TBMM Başkanı Toptan, "Varsın kimileri de darbe düşünsün, varsın kimileri de tersini düşünsün" dedi

YAYINLAMA
GÜNCELLEME

 

ANKARA - TBMM Başkanı Köksal Toptan, "Varsın kimileri de darbe düşünsün, varsın kimileri de tersini düşünsün. Ama devletin Anayasası, kanunları, yasal, legal güçleri, demokrasiye dönük eylemleri eli kolu bağlı mı seyredecek? Hayır. Devlet ve demokrasi, kendini koruyacak silahlarla donatılmıştır; Anayasası var, yasaları var" dedi.

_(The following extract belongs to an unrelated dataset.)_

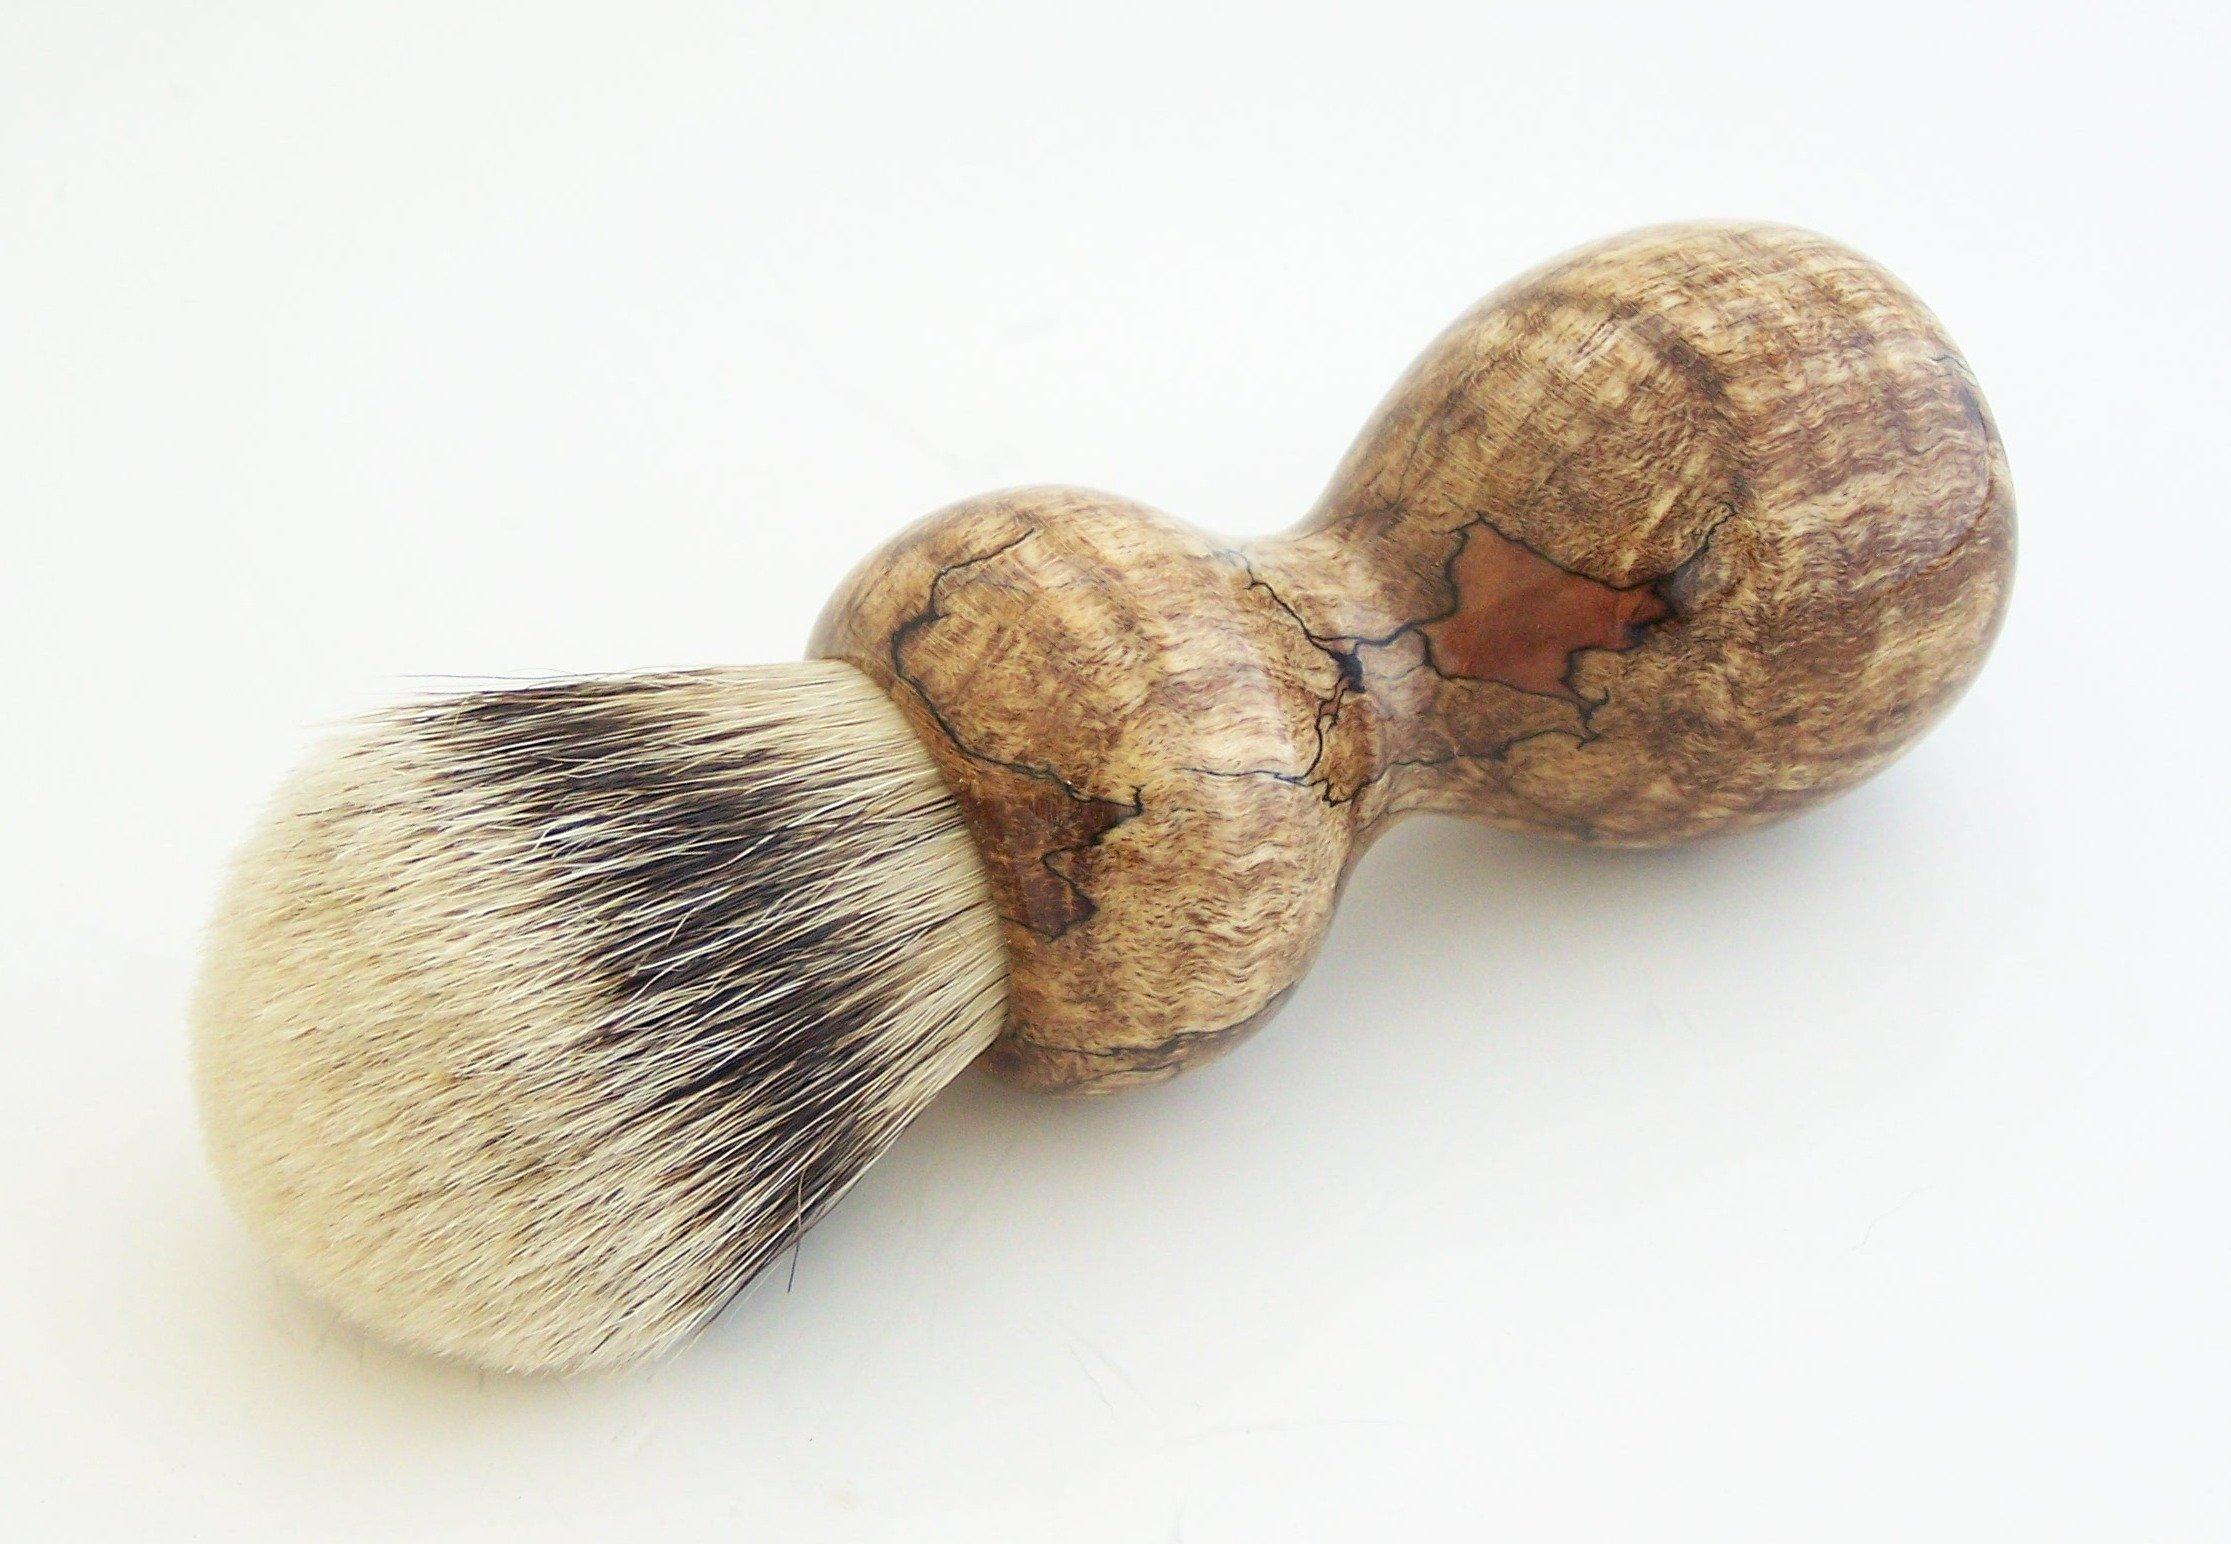 Stabilized Spalted Maple Burl Wood 24mm Super Silvertip Shaving Brush (M14)

Toptan, Kanal 24 Televizyonu'nda canlı yayınlanan Moderatör programına katıldı. Mecliste muhalefetin haberi olmadan CMK'nın 250. maddesinde değişiklik yapılarak askerlerin sivil mahkemelerde yargılanmasının yolunun açıldığı iddiasına ilişkin soruyu cevaplandıran Toptan, konuyla ilgili Bakan'ın kendisini ertesi gün arayarak "düzenleme yapılmadan önce muhalefetle konuyu paylaştıklarını ve önergeyi makul zamanda muhalefete ilettikleri" bilgisini verdiğini söyledi.

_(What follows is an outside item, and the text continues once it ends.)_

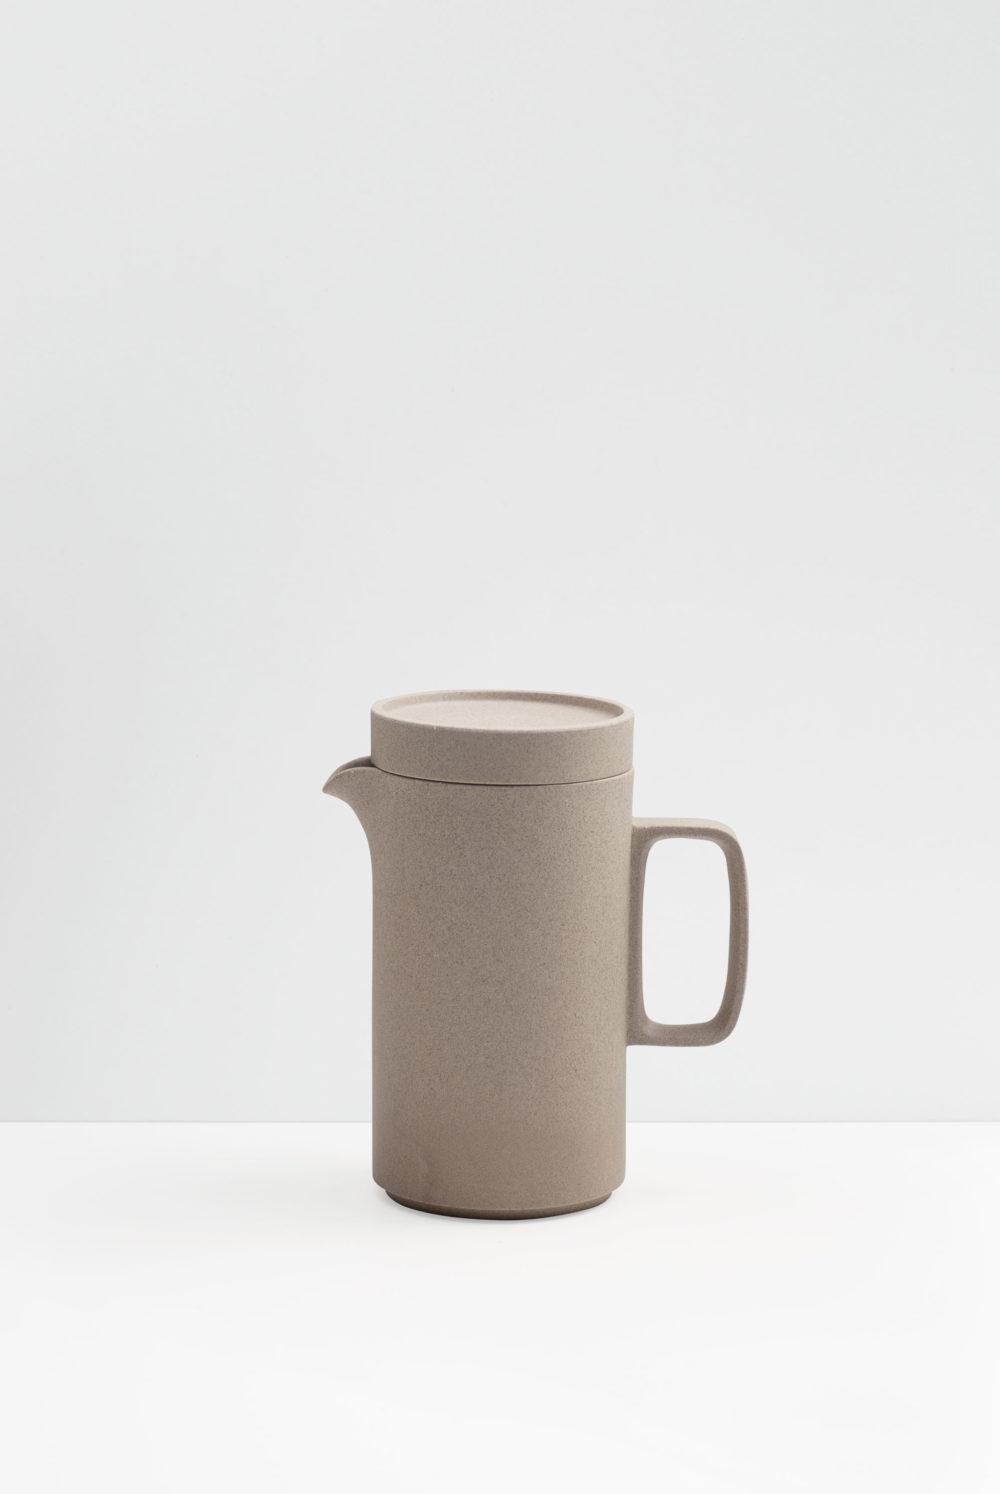 Hasami Porcelain tea pot in natural matte

Meclis başkanının önergelerden haberdar olmasının mümkün olmadığına bildiren Toptan, "Keşke gündüz saatlerinde bu yapılsaydı. Çünkü getirilen öneriye bakıldığı zaman Türkiye'nin erişmiş olduğu demokratik aşamayı dikkate aldığımız takdirde yapılan değişikliğin çok da itiraz edilen yönü olmadığını düşünüyorum. Hiç kimsenin itiraz edemeyeceği bir metin ortaya çıkarılabilirdi. Bu tartışma yapılıyor. Anayasaya aykırılık iddiaları var. Cumhurbaşkanlığı süreci var. Anayasa mahkemesi konuyu irdeler karar verir. Olayı daha fazla eksajere (abartmadan) etmeden bu süreci beklememiz lazım" dedi.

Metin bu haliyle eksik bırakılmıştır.